Рука заметно дрожала, хотя Аменхотеп поддерживал ее другой рукой. В том-то и дело было, что и та рука тоже дрожала. Иосиф внимательно рассмотрел то, что ему показывали, после чего снова немного отошел от царского кресла. Богиня-матерь сказала:
– Ты волнуешься, Мени, это не на пользу здоровью твоего величества. После гаданья и всех этих разговоров тебе следовало бы отдохнуть, воспользовавшись отпущенным тебе временем, чтобы дать созреть твоим решениям как по поводу мер против возможного злополучья, так и по весьма важному вопросу перемены имени, тобою затронутому, а также, между прочим, относительно надлежащей награды этому прорицателю. Ляг в постель!
Но царь не захотел лечь в постель.
– Маменька, – воскликнул он, – от всего сердца прошу тебя, не требуй этого от меня сейчас, когда я так многообещающе разошелся! Уверяю тебя, мое величество полно сил, и ни малейшего признака усталости я не замечаю. Я взволнован прекрасным самочувствием и благодаря волнению прекрасно себя чувствую. Ты говоришь в точности так, как няньки в детские мои годы, – стоило мне развеселиться, они говорили: «Ты переутомился, наследник стран, тебе пора в постель». Тогда я приходил от этого в бешенство и начинал брыкаться от ярости. А теперь я большой и почтительно благодарю тебя за твою заботу.
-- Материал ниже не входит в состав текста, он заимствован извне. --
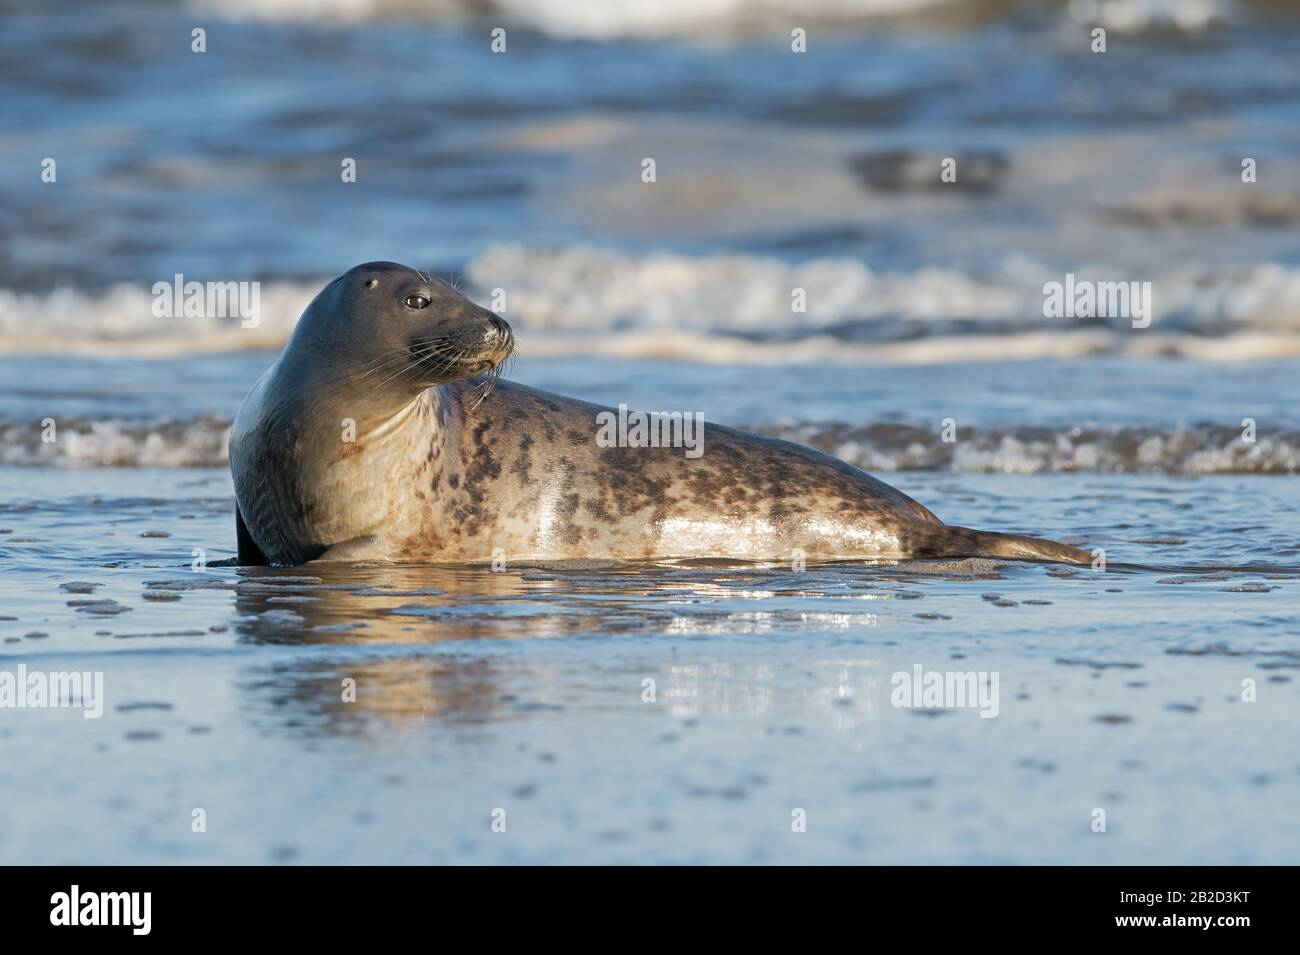 Harbor Seal (Phoca vitulina) at the edge of the ocean Stock Photo

Но чутье мне говорит, что эта аудиенция может принести и другие прекрасные плоды и что куда лучше, чем в постели, мои решения созреют в беседе с этим ловким гадателем, которому я благодарен уже за одно то, что он представил мне случай поведать тебе о своем намерении принять более правдивое имя, включающее в себя имя Единственного, и называться Эхнатоном, чтобы мой отец был доволен тем, как меня зовут. Все должно называться его именем, а не именем Амуна, и если госпожа стран, которая наполняет дворец красотой, сладчайшая Тити, счастливо разрешится вскоре от бремени, то царское дитя, независимо от того, будет ли это принц или принцесса, следует назвать Меритатон, чтобы его любил тот, кто олицетворяет любовь, – хотя бы я и накликал этим неприятный визит карнакского владыки, который явится ко мне с жалобой и начнет нудно стращать меня гневом овна, – как-нибудь вынесу. Все вынесу из любви к отцу моему небесному.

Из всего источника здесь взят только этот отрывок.